Margarita, está linda la mar...



Cuando era niña, mi abuela me recitaba un cuento-poema que me gustaba mucho. Era tan lindo que me lo aprendí de memoria y entonces lo repetía con ella, que me miraba a lo ojos contenta.
Nunca lo busqué ni en libros ni en internet, hasta que me topé con él de casualidad, en las frases cortas que mi mejor amiga pone en su trabajo fotográfico, y ese poema junto con las cosas bellas que ella hace, transforman las fotografías de los niños en obras de arte.
Luego encontré la historia detrás del cuento. Margarita sí existió y además había vivido en mi país. 

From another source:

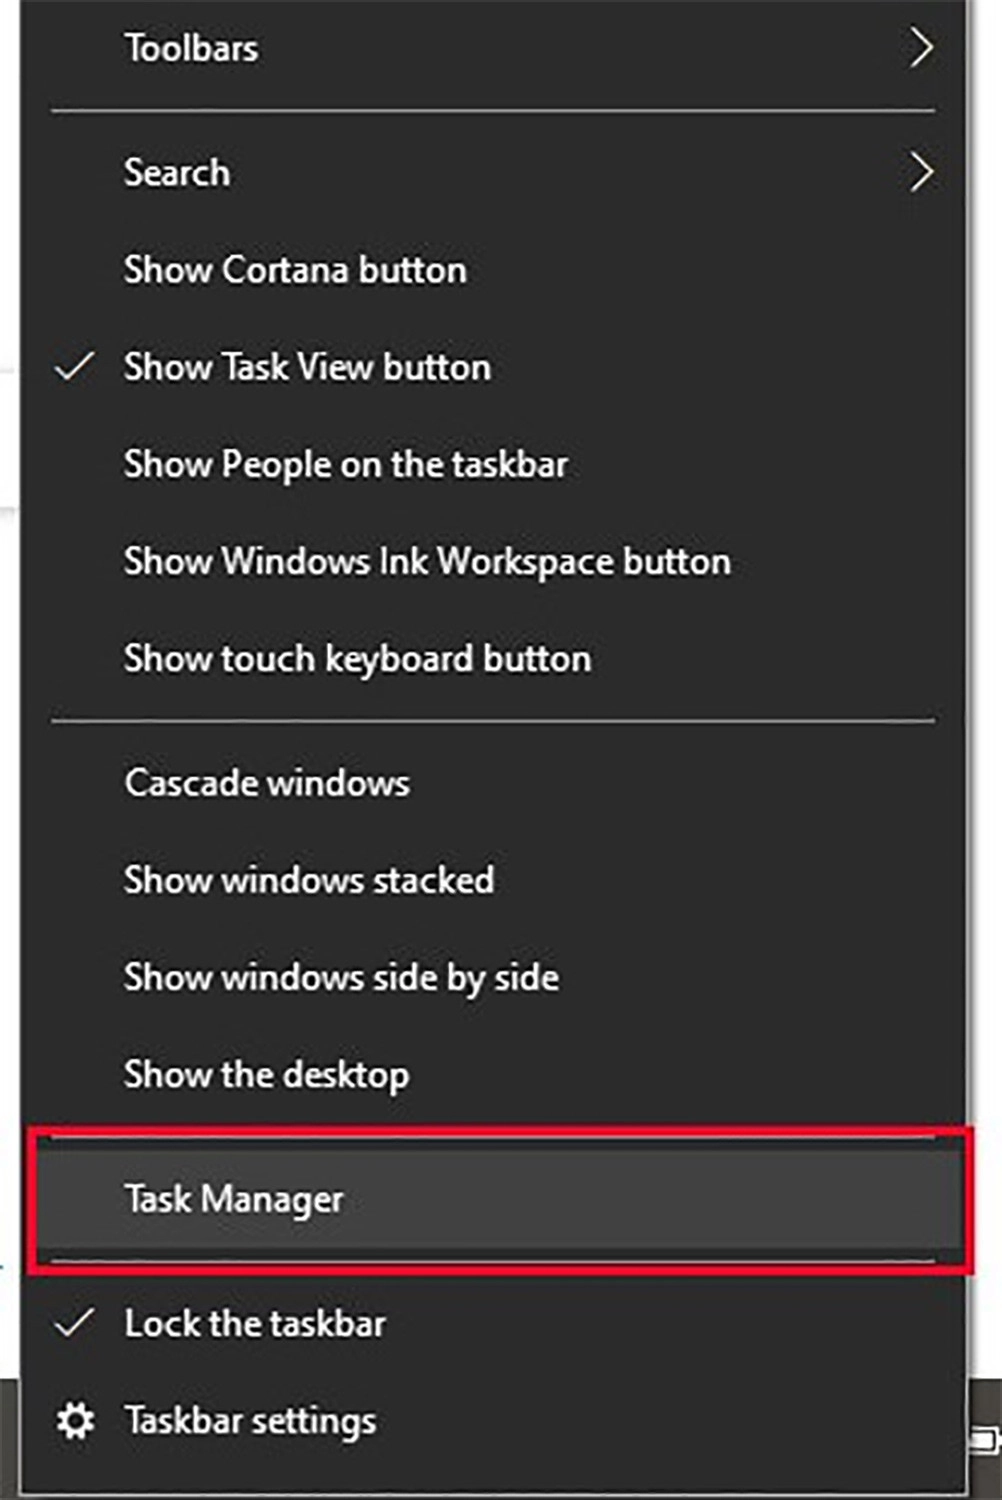 Bạn nhấn chuột phải vào Taskbar để chọn Task Manager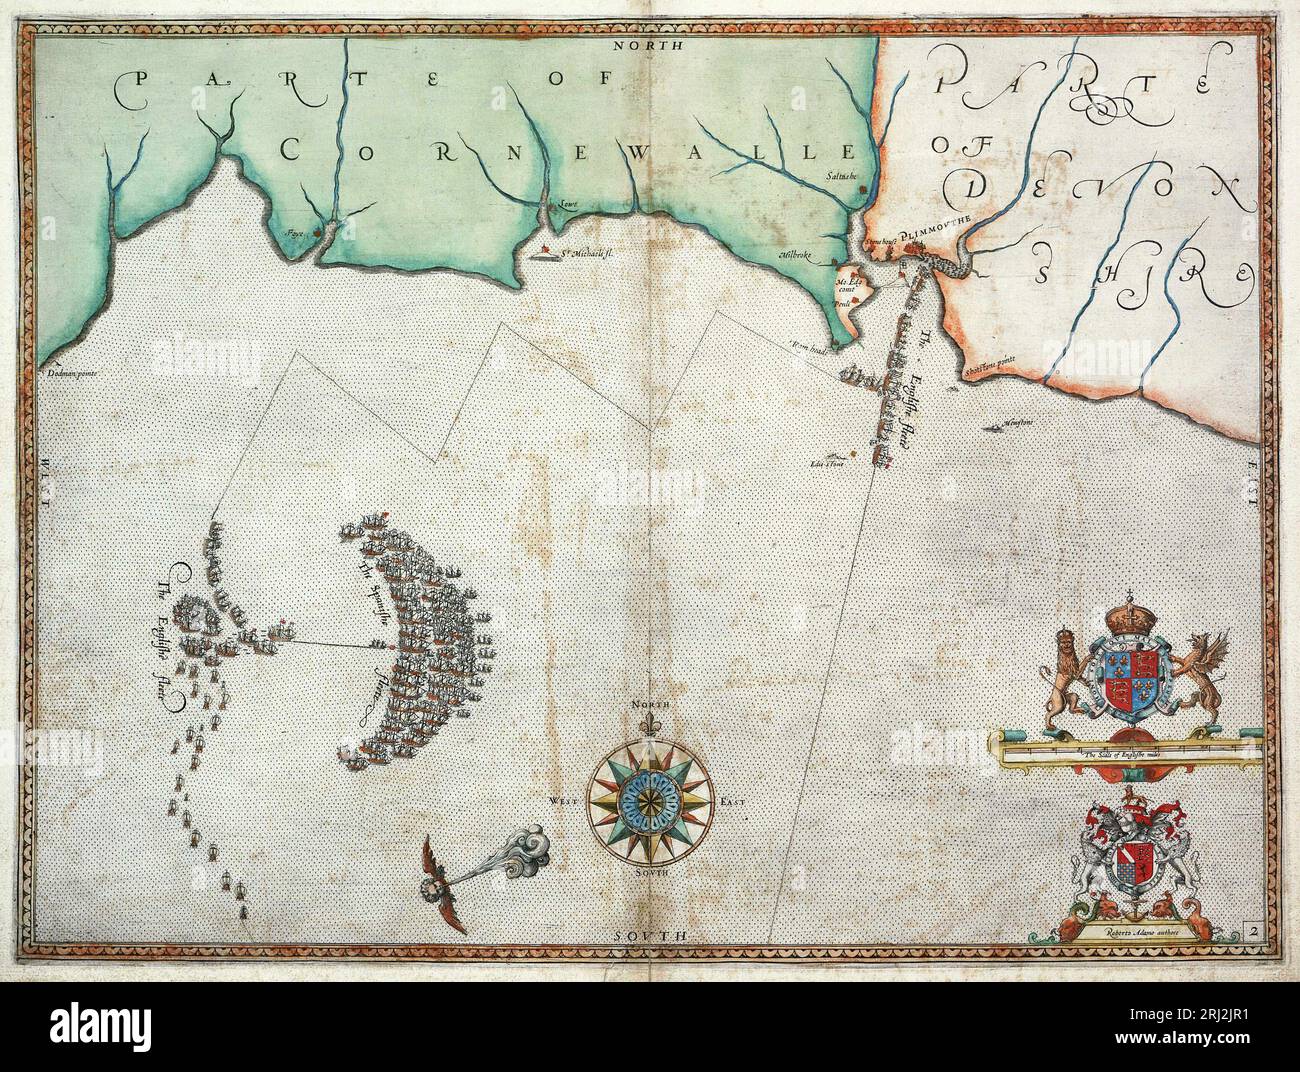 L'Armada espagnole et la flotte anglaise approchent de Plymouth du 30 au 31 juillet 1588, comme le montre une carte faite en 1590, deux ans seulement après la défaite de l'Armada espagnole le 8 août 1588. Banque D'Images

Aquí está lo que encontré y también el poema entero.


Margarita era hija del  Dr Louis Henri "El Sabio Debayle", un importante médico nicaragüense que estudió en París, Francia y regresó a Nicaragua con una máquina de rayos X , y además el médico de Rubén Darío. Su madre fue doña Casimira Sacasa Sacasa de Debayle, hija del entonces Presidente de Nicaragua Roberto Sacasa y Sarria.

La familia Debayle Sacasa invitó a Rubén a pasar el verano en la isla del Cardón, donde tenían una casa. Y una tarde cerca de la playa, sentado en una roca, él escribió el famoso poema "Margarita, está linda la mar" a la entonces niña Margarita, quien le había pedido que le escribiera un cuento en versos.

Margarita, vivió la mayor parte de su vida en su Nicaragua hasta un mes antes del triunfo de la Revolución Sandinista, que expulsó del poder a su sobrino Anastasio Somoza Debayle, hijo de su hermana mayor, Salvadora. Margarita se trasladóa Miami y finalmente a Lima, Perú, donde vivía su hija menor María de Lourdes, y donde murió en 1983. Sus cenizas fueron depositadas en la Catedral de León, Nicaragua, cerca de la tumba de Rubén Darío y la de sus padres.

Margarita
Debayle de Pallais fue una mujer singular, que llevó tatuado el honor de haber sido la inspiración del poema que Darío le escribiera siendo apenas una niña, poema que hasta el día de hoy las madres leen a sus hijos en la península Ibérica y en la América Latina. El escritor mexicano Carlos Fuentes le pidió al también escritor Sergio Ramírez que titulara "Margarita está linda la mar", novela que le ganó el primer Premio Alfaguara en 2001.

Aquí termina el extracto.